Search code examples
pythonpython-docx

How do I declare new oxml/xmlchemy tags in python-docx?


I am trying to build basic equation functionality into python-docx to output formulas to docx files. Can someone go over the standard-operating procedure for registering a new class in oxml? Looking at the source code, a tag appears to be declared by creating a complex-type class

class CT_P(BaseOxmlElement):
    """
    ''<w:p>'' element, containing the properties and text for a paragraph.
    """
    pPr = ZeroOrOne('w:pPr')
    r = ZeroOrMore('w:r')

and then registering it using the register_element_cls() function

from .text.paragraph import CT_P
register_element_cls('w:p', CT_P)

Some classes include other methods, but many do not, so it looks like a minimum working example would be this:

from docx import Document
from docx.oxml.xmlchemy import BaseOxmlElement, ZeroOrOne, ZeroOrMore, OxmlElement
import docx.oxml
docx.oxml.ns.nsmap['m'] = ('http://schemas.openxmlformats.org/officeDocument/2006/math')

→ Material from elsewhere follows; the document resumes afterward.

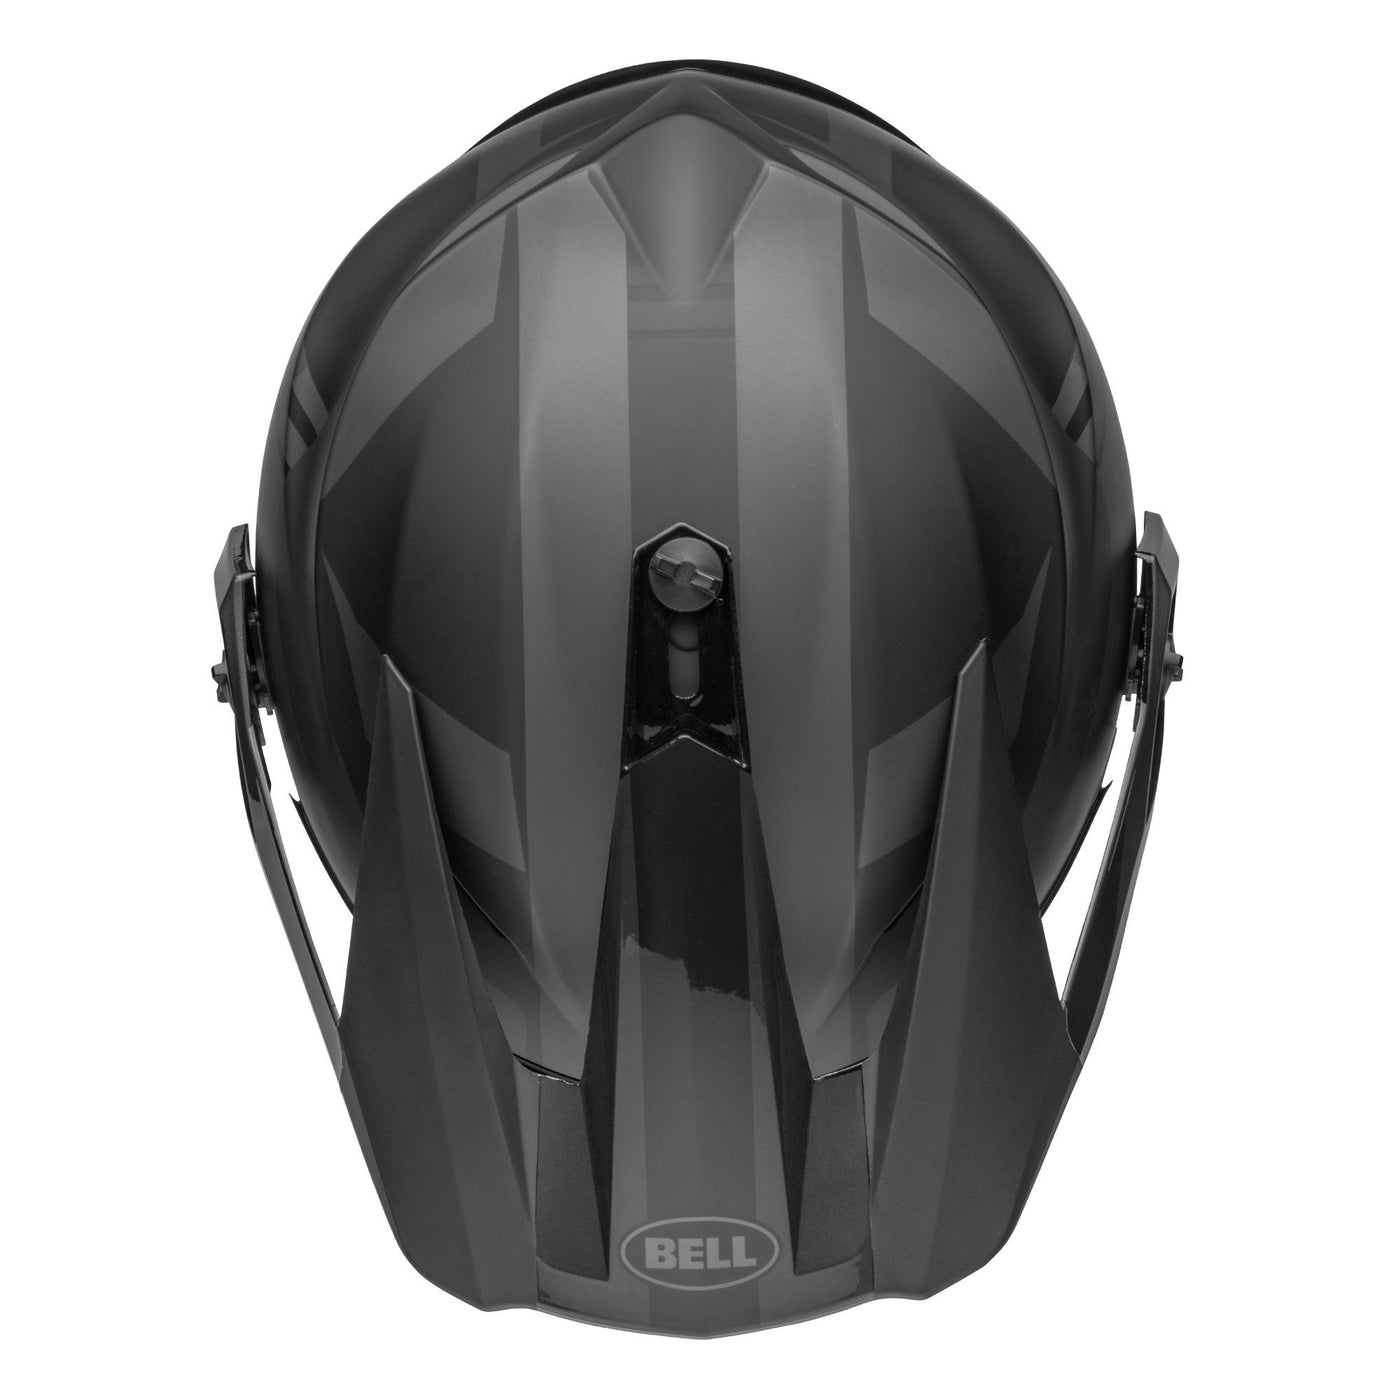 bell mx 9 adventure mips dirt motorcycle helmet marauder matte gloss blackout top
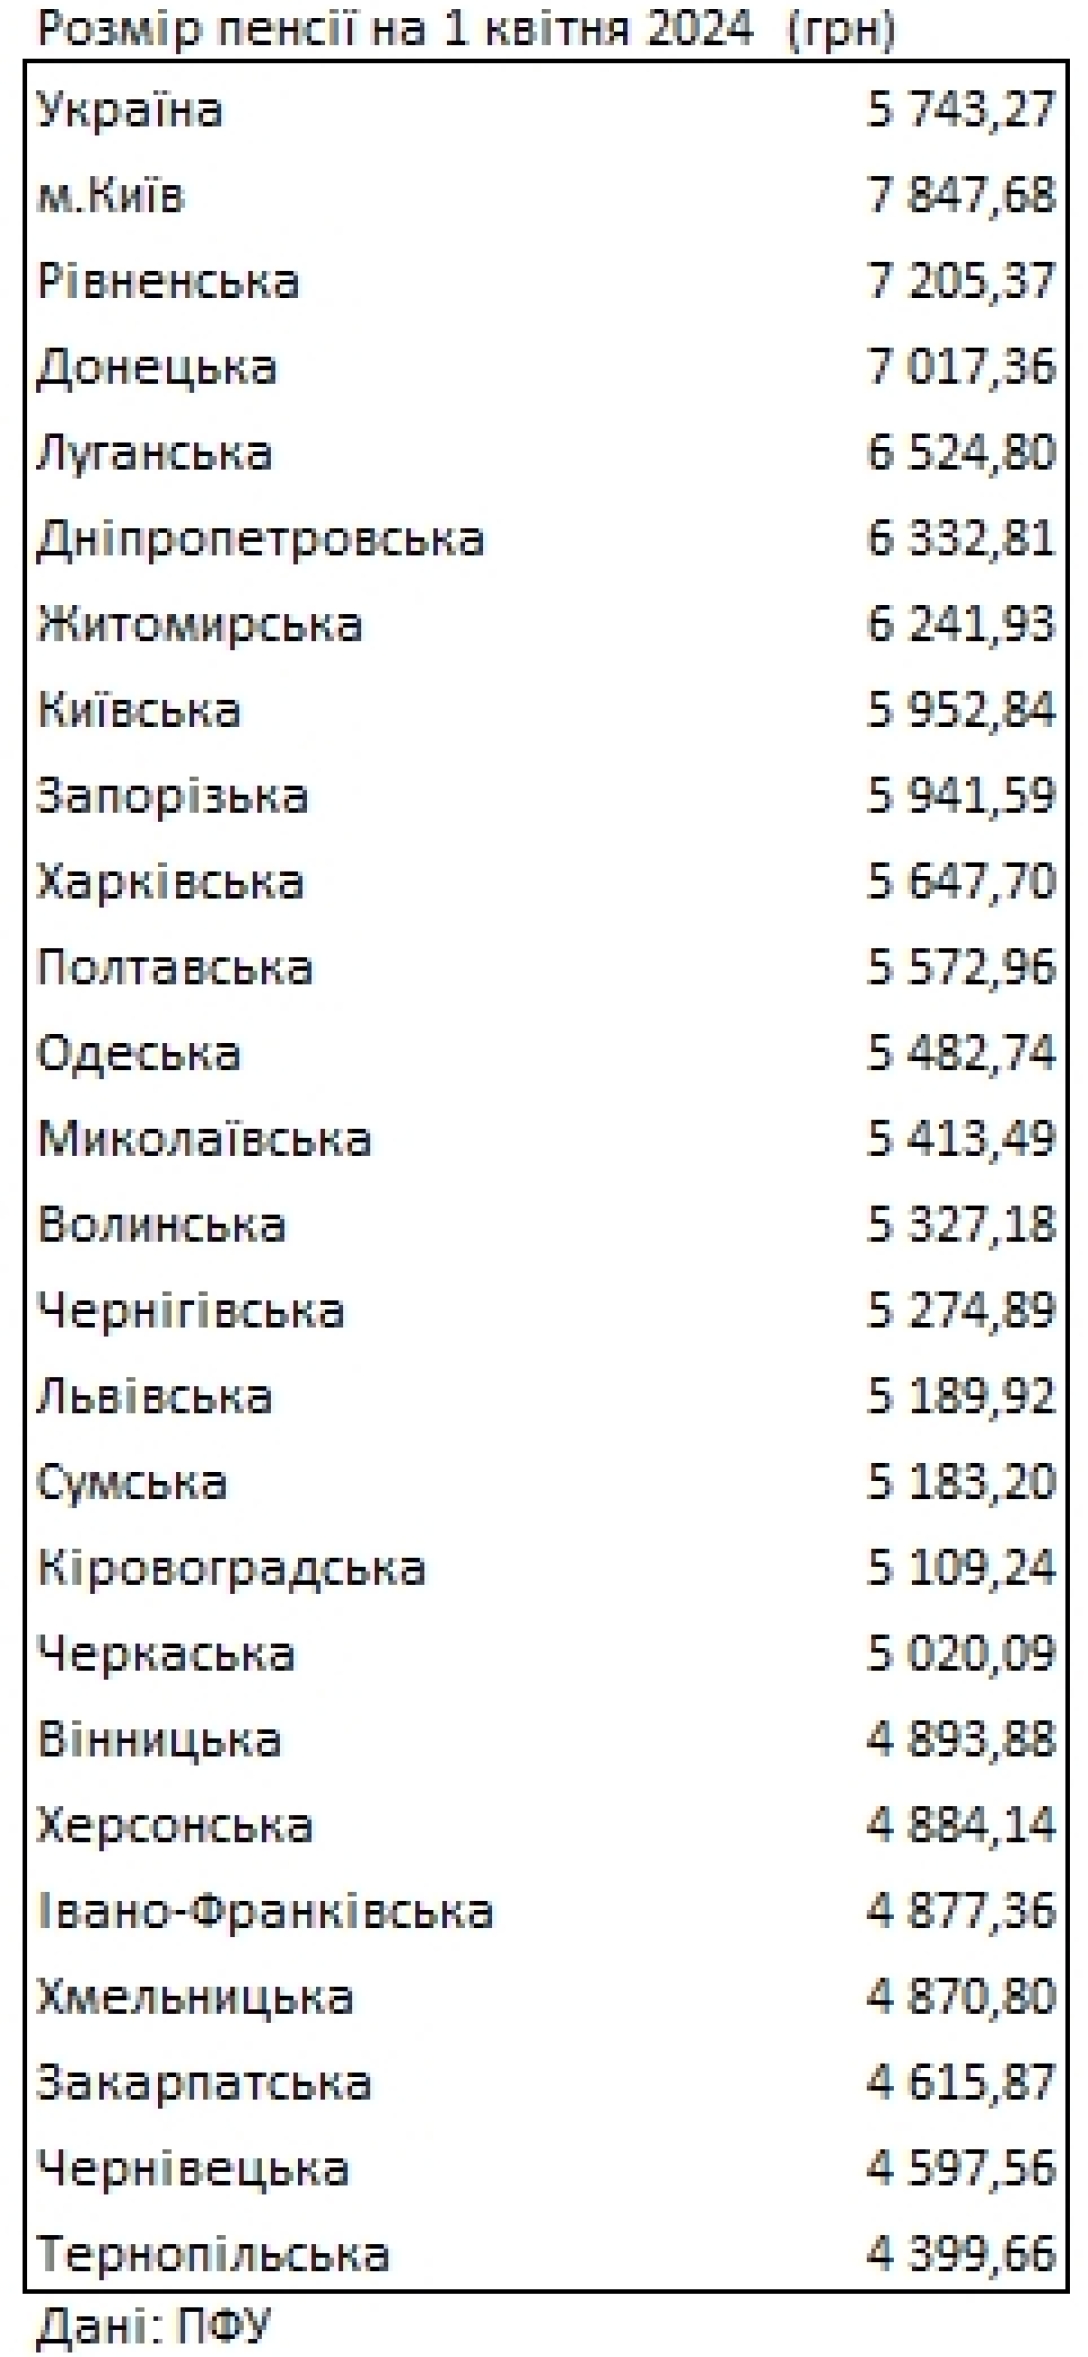 Размеры пенсий в разных областях Украины

class CT_OMathPara(BaseOxmlElement):
    r = ZeroOrMore('w:r')

docx.oxml.register_element_cls('m:oMathPara',CT_OMathPara)  
p = CT_OMathPara()

(Note that I have to declare the m namespace, since it is not used in the package). Unfortunately this doesn't work for me at all. If I declare a new class derived as in the above example, and then check, for instance, the __repr__ of this new class, it causes an exception

>> p

File "C:\ProgramData\Anaconda3\lib\site-packages\docx\oxml\ns.py", line 50, in from_clark_name
    nsuri, local_name = clark_name[1:].split('}')

ValueError: not enough values to unpack (expected 2, got 1)

This happens because the tag in my class is very different from a w:p tag created from the python-docx package

>> paragraph._element.tag
 '{http://schemas.openxmlformats.org/wordprocessingml/2006/main}p'

>> p.tag
 'CT_OMathPara'

But I don't know why this is. A file search through the source code does not reveal any other mentions of the CT_P class, so I'm a bit stumped.


Solution

  • I think the error is coming from the 'm' namespace prefix (nspfx) not being present in the docx.oxml.ns.pfxmap dict. The namespace needs to be looked up both ways (from nspfx to namespace url and from url to nspfx).

    So to add the new namespace from "outside", meaning after the ns module is loaded, you'll need to do both (if you were to patch the ns module code directly, that second step would be handled automatically at load time):

    nsmap, pfxmap = docx.oxml.ns.nsmap, docx.oxml.ns.pfxmap
    nsmap['m'] = 'http://schemas.openxmlformats.org/officeDocument/2006/math'
    pfxmap['http://schemas.openxmlformats.org/officeDocument/2006/math'] = 'm'
    

    This should get you to past the error you're getting, however there's a little more to understand.

    The CT_OMathPara class is an example of what's known as a custom element class. This means that lxml instantiates an object of this class for each element with the registered tag (m:oMathPara) instead of the generic lxml _Element class.

    The key thing is, you need to let lxml do the constructing, which happens when it parses the XML. You can't get a meaningful object by constructing that class yourself.

    The easiest way to create a new "loose" element (not lodged in an XML document tree) is to use docx.oxml.OxmlElement():

    oMathPara = OxmlElement('m:oMathPara')
    

    More commonly though, the docx.oxml.parse_xml() function is used to parse an entire XML snippet. A parser needs to be configured to use custom element classes and those elements have to be registered with the parser, so you probably don't want to do that for yourself when the one in the oxml module will take care of all the needful.

    So usually, to get an instance of CT_OMathPara, you would just open a docx that contained a m:oMathPara element (after registering the new namespace and custom element class), but you can also just parse in an XML snippet. If you search for parse_xml in the oxml modules you'll find plenty of examples. You need to get the namespace declarations right at the top of the XML you provide, which can be a little tricky, but you can certainly just spell out the entire XML snippet in text if you want, it just gets a bit verbose.